Et de poursuivre : « Mais elle n’est ni envahissante, ni difficile à utiliser. Il faut toutefois rechercher tout l’équipement, les systèmes et les microcontrôleurs adéquats. Le secteur a beaucoup évolué au Brésil. Il y a plus d’options au niveau des produits et un plus grand nombre de professionnels spécialisés. La pandémie a certainement contribué à cette accélération », note-t-il.

Et de conclure : « L’avenir qui m’intéresse et que j’apprécie est celui qui nous reconnecte avec la nature ainsi qu’avec notre mémoire émotionnelle. A chaque nouvelle installation technologique que je conçois, je me dis : si elle peut rassembler les gens et les faire sourire, c’est qu’elle est juste. »

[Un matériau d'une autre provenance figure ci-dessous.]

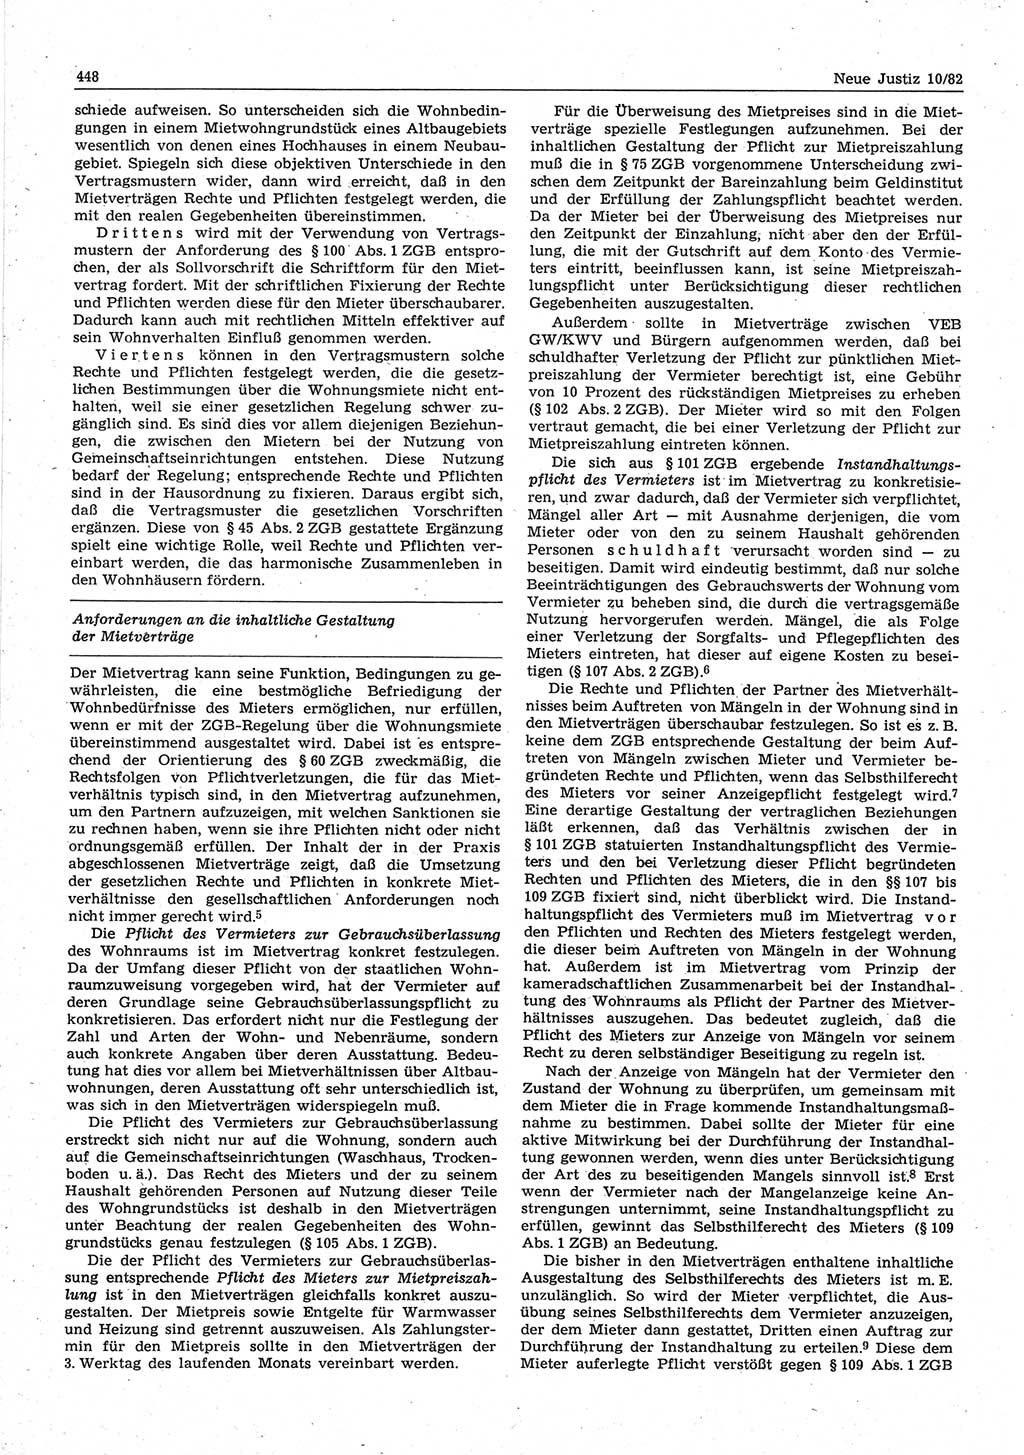 Neue Justiz (NJ), Zeitschrift für sozialistisches Recht und Gesetzlichkeit [Deutsche Demokratische Republik (DDR)], 36. Jahrgang 1982, Seite 448 (NJ DDR 1982, S. 448)

Dans le hall, le panneau en sucupira est décoré d’un bas-relief rappelant les persiennes de façade et dialogue avec une chaise Noize d’Estudio Guto Requena, et, sur le côté, une sculpture Odoya-Iemanjá, de Nádia Taquary. © Filippo Bamberghi – Living Inside Agency

Bio expresse : Guto Requena (44 ans)

Il est urbaniste et titulaire d’un master de l’Université de São Paulo.

Il a écrit Habitar Híbrido – Subjetividades e Arquitetura do Lar na Era Digital, publié en 2019.

L’Estudio Guto Requena, fondé en 2008, crée des projets primés au niveau international, basés sur les technologies numériques, en mettant l’accent sur la durabilité et en se concentrant sur la fourniture d’expériences innovantes et émotionnelles.